AI Agents and the Limits of Consent — When 'Authorisation' Stops Being One Click

Li Wenlong (科技利维坦) takes the Doubao phone assistant — an AI that 'reads your screen' and acts across apps — and asks whether the consent/authorisation mechanism that traditional data law leans on can survive the agent era. His four challenges: the app-bounded 'private' environment dissolves as data and permissions move across apps (with Nissenbaum's Contextual Integrity as the only real conceptual anchor, and far from operational); agents that *act* (not just retrieve) push informed consent past the point of failure already reached by personalised ads; purpose limitation collapses because an agent chooses its own path, means and decisions from a low-information instruction, edging into automated decision-making; and ultra vires agency shifts liability from user to platform, with China's 'hallucination case' and the Air Canada case as the only thin precedents. For overseas counsel building or advising on agentic AI in China: a map of why 'authorisation' is becoming a problem of agency, system control, liability allocation and autonomy — not a checkbox — and why transparency is now a prerequisite, not a feature.

Editor’s Note — DCC.

This brief summarises 《当AI能”阅读”你的屏幕:用户授权能否化解跨端 智能体的隐私风险》by Li Wenlong (李汶龙) on the 科技利维坦 channel — the privacy/authorisation companion to his reverse-interoperability piece on the same Doubao phone assistant.

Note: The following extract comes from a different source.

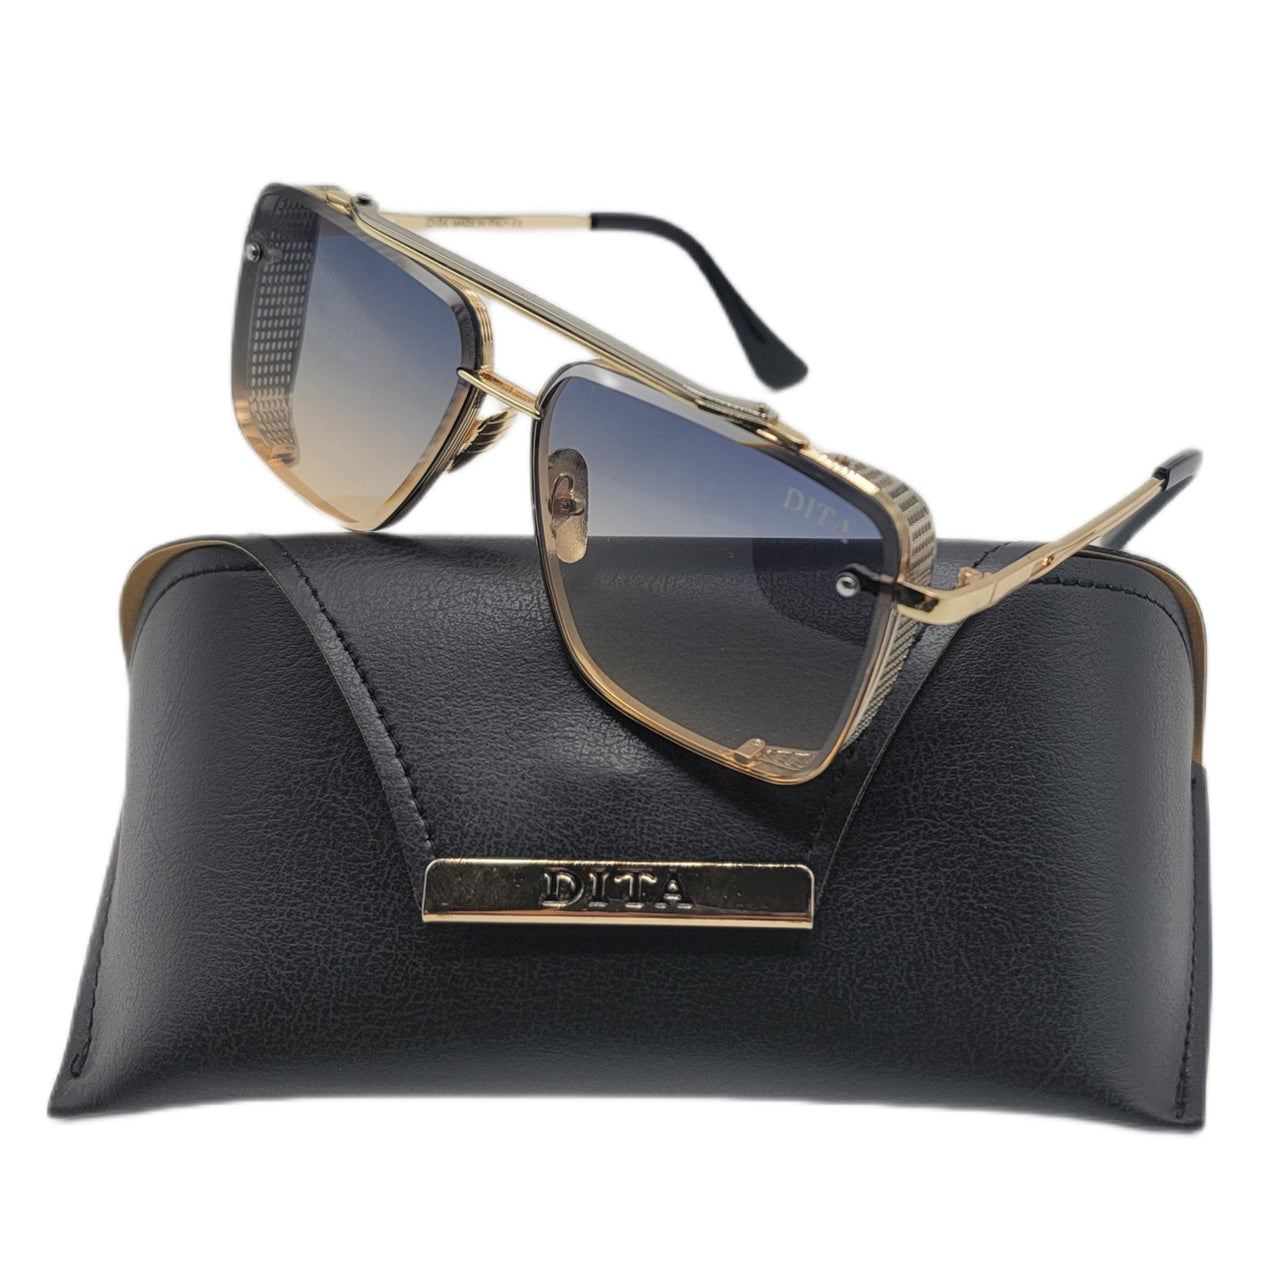 The Bag Couture Sunglasses DITA MACH 6 Sunglasses GBR

Where that piece asked a competition-law question (should the law restrict an agent that over-interoperates), this one asks a personal-information question: can the consent/authorisation mechanism that PIPL and every other digital-privacy regime depend on survive an AI that reads your screen and acts across your apps? Li leaves the question deliberately open — he flags it as the place real theory-building is needed — so this brief maps his four challenges to the existing framework rather than a settled answer. DCC runs it because it states, more clearly than most, why “agentic AI” is not just a new feature on top of the old consent model but a stress test the old model may fail.

The setup

The Doubao assistant can “read the screen” and carry out tasks across applications on the user’s behalf. That capability, Li argues, breaks a series of assumptions baked into pre-agent data law. He identifies four.

1. The app boundary — the unit of “privacy” — dissolves

Existing data compliance is built inside a stable, clearly bounded app: the application is the unit within which a relatively settled “private” environment is maintained. Agents reshape that. Data, permissions and behaviour now move between apps, and there is — on Li’s reading — no mature cross-app privacy or liability system to govern the movement. Helen Nissenbaum’s Contextual Integrity offers a sense of direction and a conceptual basis, but turning it into workable institutional design is still far off, and requires rethinking the public/private dichotomy that most privacy law silently assumes.

Traditional personalised advertising and recommendation already pushed informed consent close to ineffective — users click through notices they do not read or understand. An agent that does not merely collect and present information but performs acts with legal effect is a different order of magnitude. The user neither knows in advance how the agent will act, nor can predict what cross-app calls and stacked capabilities will produce. Li’s blunt question: has the authorisation mechanism that traditional digital governance relied on already failed completely?

3. Purpose limitation collapses into automated decision-making

Traditional data law manages expectation through purpose limitation — specify the purpose, restrict re-use for a changed purpose — and the path there has been relatively uncontroversial. Agents break this in two ways. First, much of what an agent does is infer human intent from language, an information-poor carrier. Second, in executing a command the agent’s decision space is enormous — which path, which carrier, which service, which decision — and absent a clear upfront specification (which ordinary users cannot give), the agent is effectively performing automated decision-making. Purpose limitation becomes near- ineffective, because we cannot get the user to state each purpose and its scope in advance. Expectation-violating events become inevitable — and because neither the user nor the platform may know how a given decision was reached, transparency becomes a prerequisite compliance question, not a downstream nicety.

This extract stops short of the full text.